Current report of foreign issuer pursuant to Rules 13a-16 and 15d-16 Amendments

Events occurring after the reporting date

Events occurring after the reporting date
6 Months Ended
Jul. 31, 2021
Disclosure of non-adjusting events after reporting period [abstract]  
Events occurring after the reporting date

19. Events occurring after the reporting date  


Nasdaq Compliance


On April 26, 2021, the Group received a notice from Nasdaq’s Listing Qualifications Department stating that, for the 30 consecutive business days ending April 23, 2021, the closing bid price for the Ordinary Shares had been below the minimum of US$1.00 per share required for continued inclusion on the Nasdaq Capital Market under Nasdaq Listing Rule 5550(a)(2). The notification letter stated that the Group would be afforded an initial 180 day period to regain compliance with the minimum bid price requirement. The notification letter also stated that in the event the Group did not regain compliance within the initial 180-day period, the Group could be eligible for additional time.


The Group did not regain compliance with the minimum bid price requirement during the initial 180-day period. However, on October 26, 2021, the Group received a notice from Nasdaq stating that Nasdaq’s staff had determined that the Group were eligible for an additional 180-day period (until April 25, 2022) within which to regain compliance. In order to regain compliance, the bid price for the Ordinary Shares must close at US$1.00 per share or more for a minimum of ten consecutive business days.


The Nasdaq notification did not have any immediate effect on the listing of the Ordinary Shares, and the Ordinary Shares continue to trade under the symbol “NAKD”. Naked management intends to actively monitor the bid price for the Ordinary Shares and will consider all available options to regain compliance with the minimum bid price requirement. The Group intends to cure the deficiency during the additional 180-day period by effecting a reverse stock split, if necessary.

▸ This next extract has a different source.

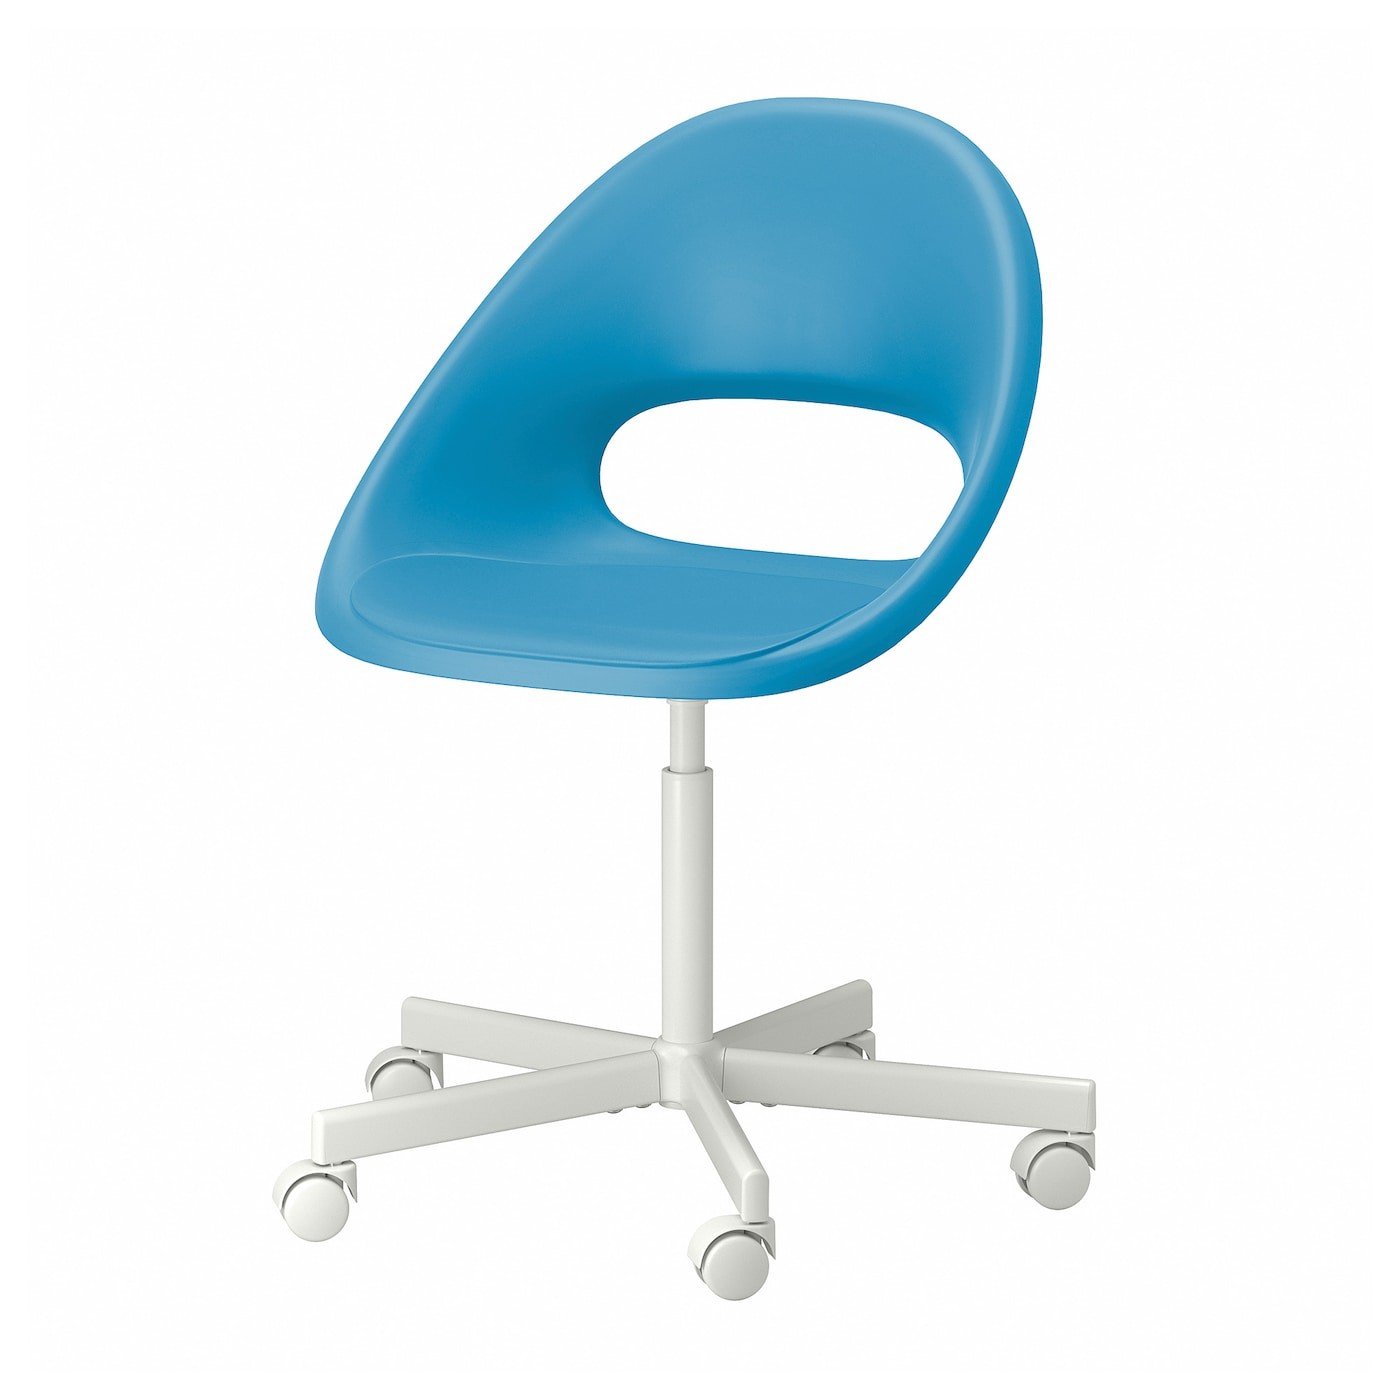 ELDBERGET / BLYSKÄR Swivel chair

Coronavirus (COVID-19) pandemic


The consequences of the Coronavirus (COVID-19) pandemic are continuing to be felt around the world, and its impact on the Group, if any, has been reflected in its published results to date. Whilst it would appear that control measures and related government policies have started to mitigate the risks caused by COVID-19, it is not possible at this time to state that the pandemic will not subsequently impact the Group’s operations going forward. Despite the new variant of the virus may cause continued lockdowns, it would have limited impact on FOH online, especially with the new variant of the virus that is causing or may cause significant continued lockdowns. The Group now has experience in the swift implementation of business continuation processes should future lockdowns of the population occur, and these processes continue to evolve to minimise any operational disruption. Management continues to monitor the situation both locally and internationally.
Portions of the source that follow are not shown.